On the legislative front, anti-LGBTQ+ policies are spreading rapidly. The ISD finds that these official actions have increased in tandem with inflammatory political rhetoric.

At the same time, the online world is becoming increasingly hostile: “Trans-vestigators” and social-media mobs target trans and gender-nonconforming people in real life and online, while tech platforms under pressure from sweeping “online safety” laws and AI-moderation mandates are rolling back explicit protections for LGBTQ+ users, and in some cases erasing queer spaces.

Offline abuses and online suppression are deeply intertwined. Book bans, education censorship, and legislation targeting trans people sit alongside extremist violence and terror threats directed at LGBTQ+ spaces. 

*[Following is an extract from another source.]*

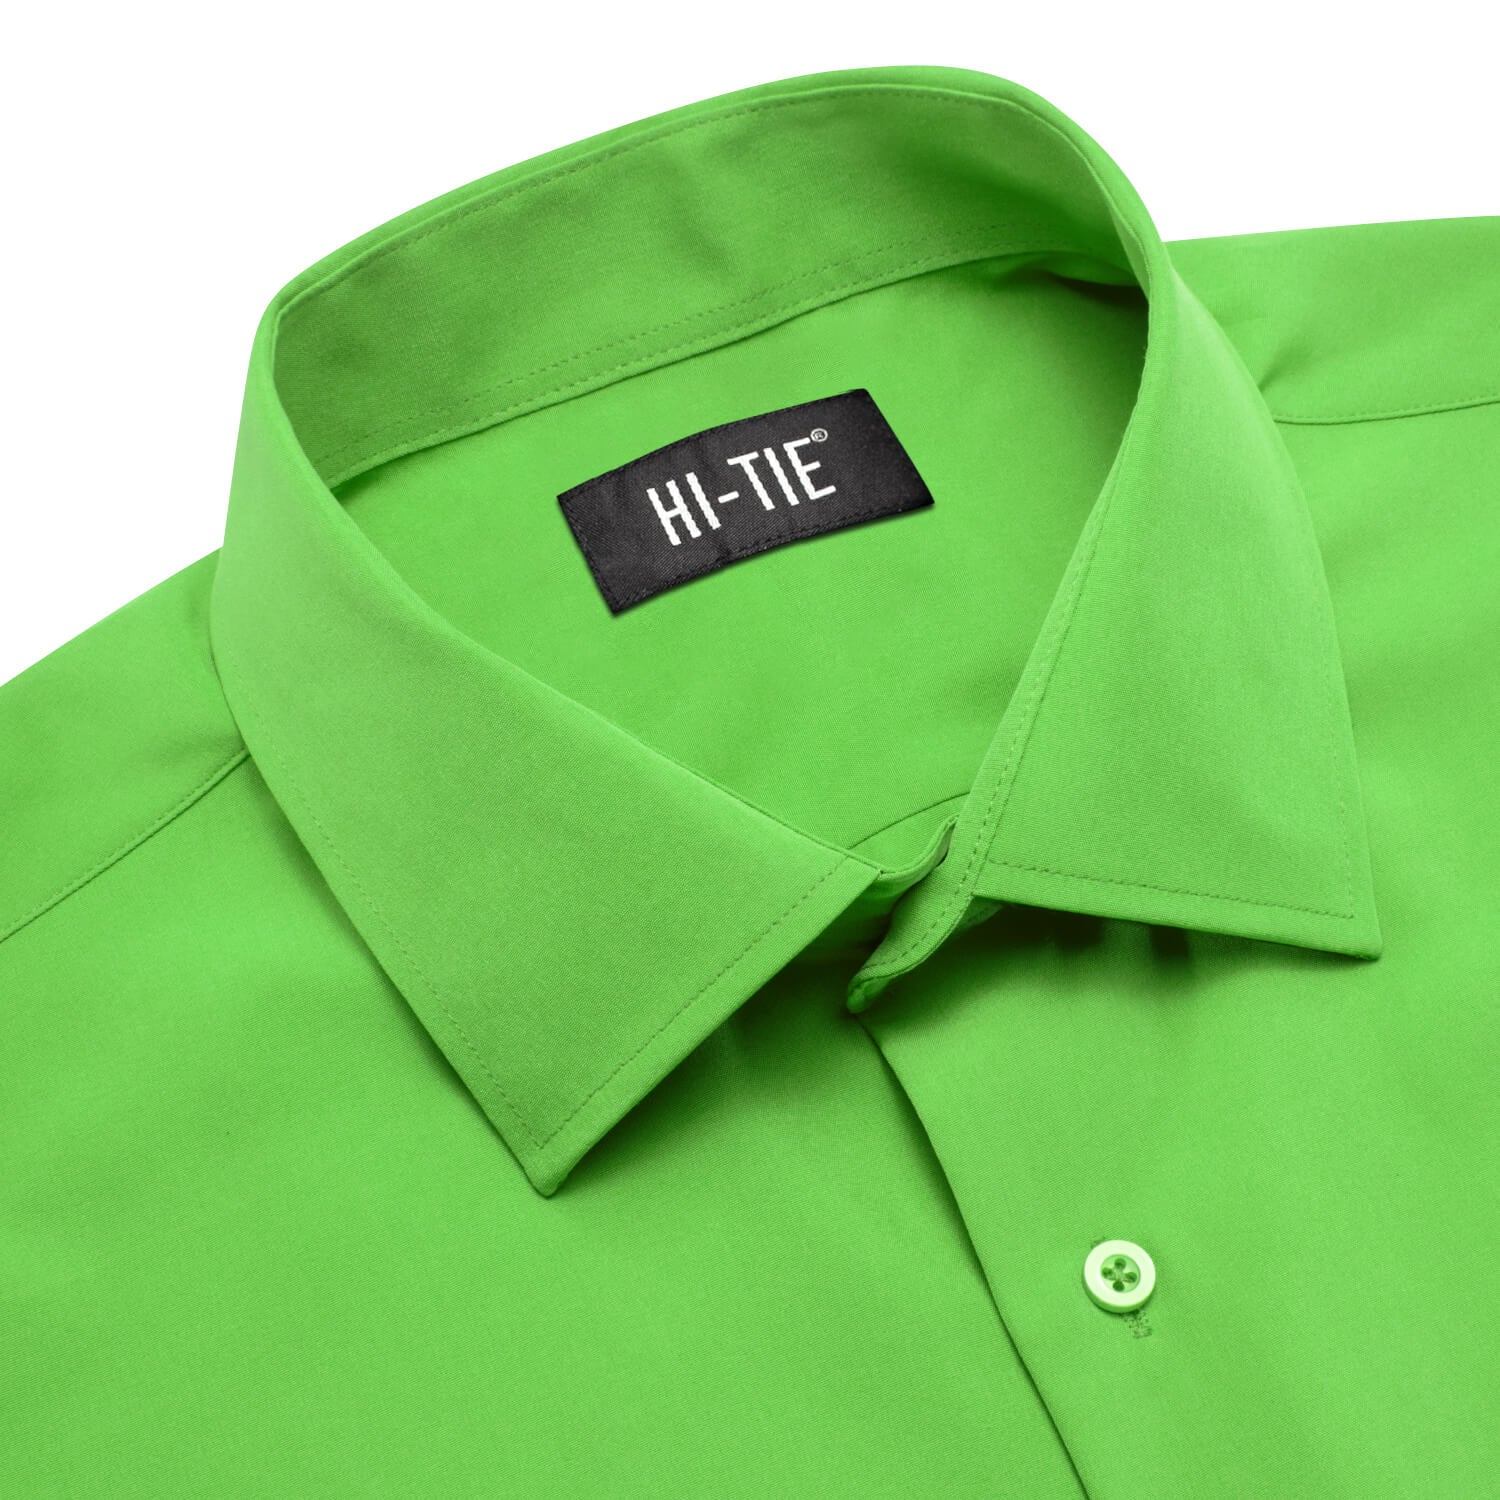 Hi-Tie Long Sleeve Shirt Green Solid Casual Men's Dress Shirt Top Wear

Meanwhile, the digital realm is not serving as a refuge. According to the ISD, “a series of actions have sought to exclude LGBTQ+ people and culture from public life”. The chilling reality for queer youth is stark: in the US, 71% say state laws affecting LGBTQ+ rights have harmed their mental health, and nearly half report feeling “very often” anxious because of threats to LGBTQ+ spaces.

The report underscores the need to address offline threats such as LGBTQ+ hate crimes and governmental actions alongside online harms, such as over-moderation, erasure of queer content and the targeting of trans users. 

Failure to act could allow the convergence of extremist violence, hostile legislation and tech-driven exclusion to continue past the last five years and subsequently roll back decades of LGBTQ+ progress. In this moment of regression, safeguarding both the physical safety and digital presence of queer people is more vital than ever.